A federal appeals court in New York ruled against International Business Machines Corp., overturning a lower court dismissal of a lawsuit by IBM 401(k) plan participants, who alleged plan managers violated their fiduciary duties.
The three-judge appellate court panel reversed and remanded a September 2017 dismissal by a District Court judge regarding a company stock fund within the plan.
The District Court judge had rejected the complaint by participants that IBM's fiduciaries should have protected their retirement accounts when the company's stock fell after IBM's efforts to sell its microelectronics unit in 2014.
The participants said plan fiduciaries could have taken actions to ameliorate stock-plan losses such as disclosing details about the value of the microelectronics unit or issuing "new investment guidelines that would temporarily freeze further investments in IBM stock," according to court documents.
In 2014, Armonk, N.Y.-based IBM took a $2.4 billion write-down of the microelectronics unit assets and it paid $1.5 billion to GlobalFoundries to take the unit. However, U.S. District Judge William H. Pauley III ruled in September 2017 that the participants failed to show a prudent fiduciary could have taken actions without causing more harm than good.

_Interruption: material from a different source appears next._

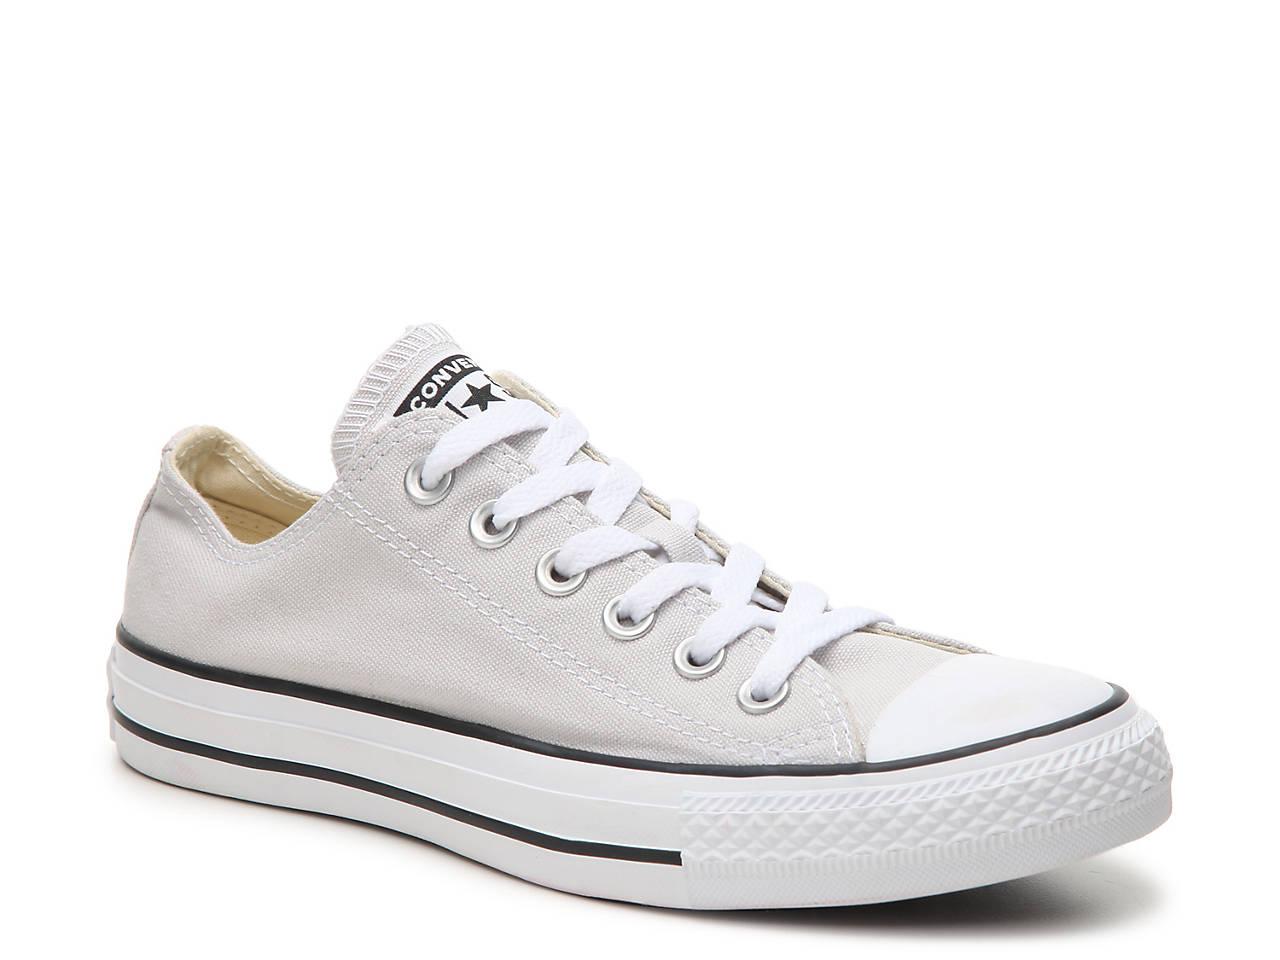 Converse Chuck Taylor All Star Ox Sneaker - Men s Men s Shoes  077a473f1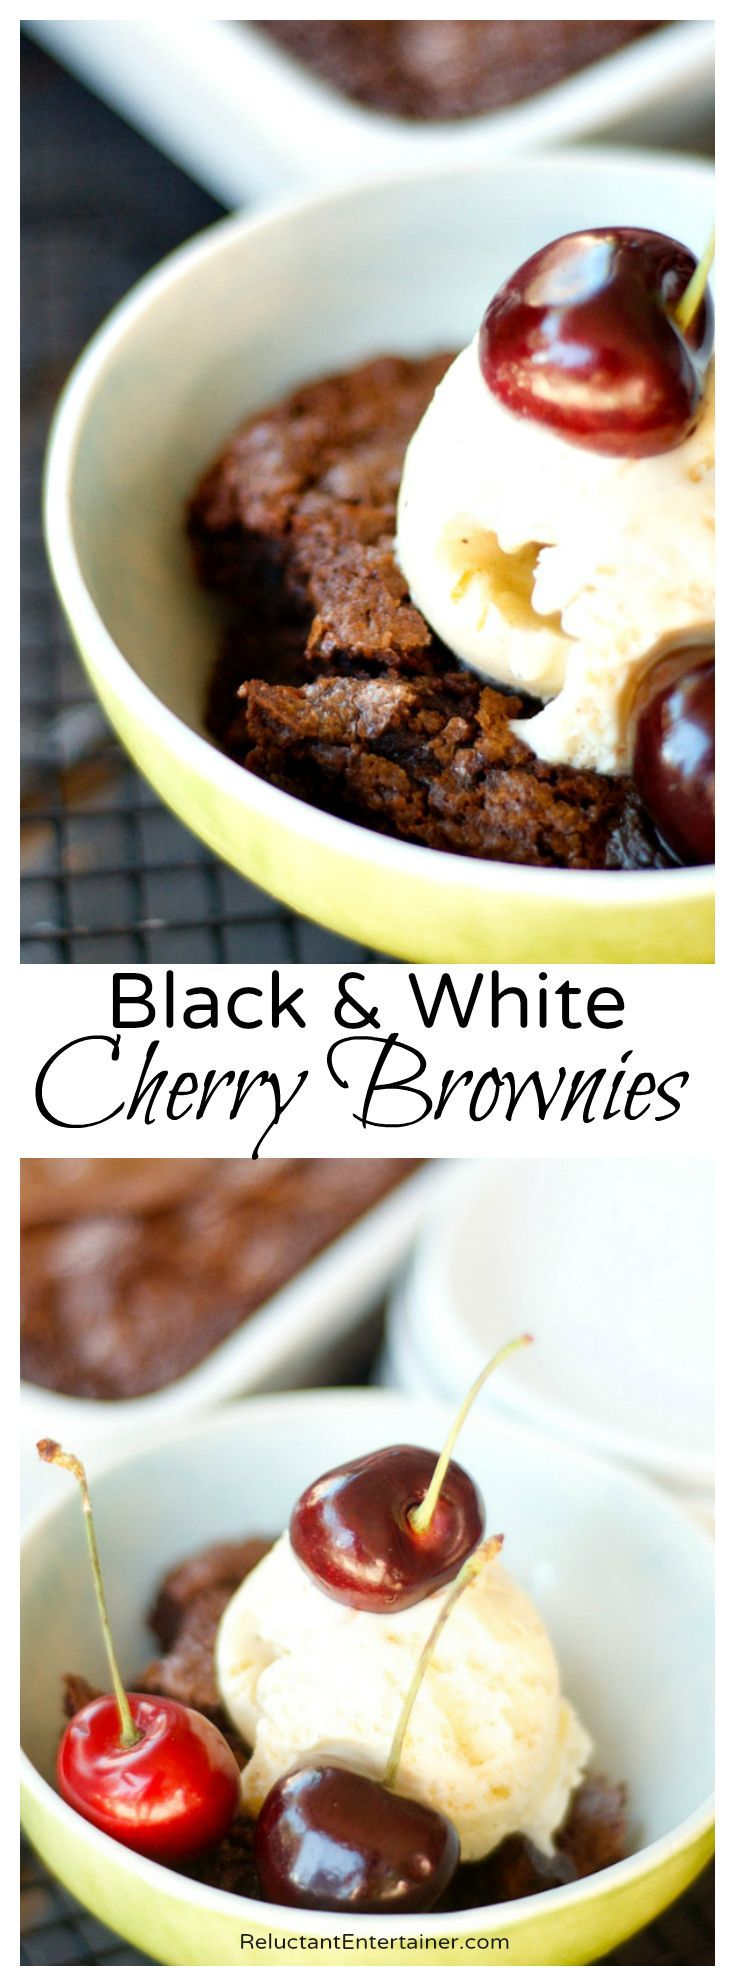 Black and White Cherry Brownies Recipe

This was the second time Mr. Pauley dismissed claims — the first was in September 2016 — in the case of Jander et al. vs. Retirement Plans Committee of IBM et al. The original complaint was filed in August 2015.
The appeals court, in a unanimous ruling on Dec. 10, said the plaintiffs "plausibly allege that the plan defendants had the requisite knowledge of (stock) overvaluation to raise fiduciary responsibilities consistent with the standard" of a landmark U.S. Supreme Court ruling on company stock funds in retirement plans.
"The allegations regarding the sale of the microelectronics business … tip the scales toward plausibility," the court wrote.
The appeals court judges' ruling referenced the Supreme Court case of Fifth Third Bancorp et al. vs. Dudenhoeffer et al., which established a series of guidelines for lower courts to use in assessing stock-drop complaints.
One guideline states courts must determine if proposed plaintiffs' remedies in stock drop-cases would do "more harm than good" than what actions fiduciaries took.
The IBM 401(k) Plus Plan had assets of $53.92 billion as of Dec. 31, 2017, according to the latest 11-K filing with the Securites and Exchange Commission. The IBM Stock fund accounted for $1.28 billion, or 2.4% of total plan assets.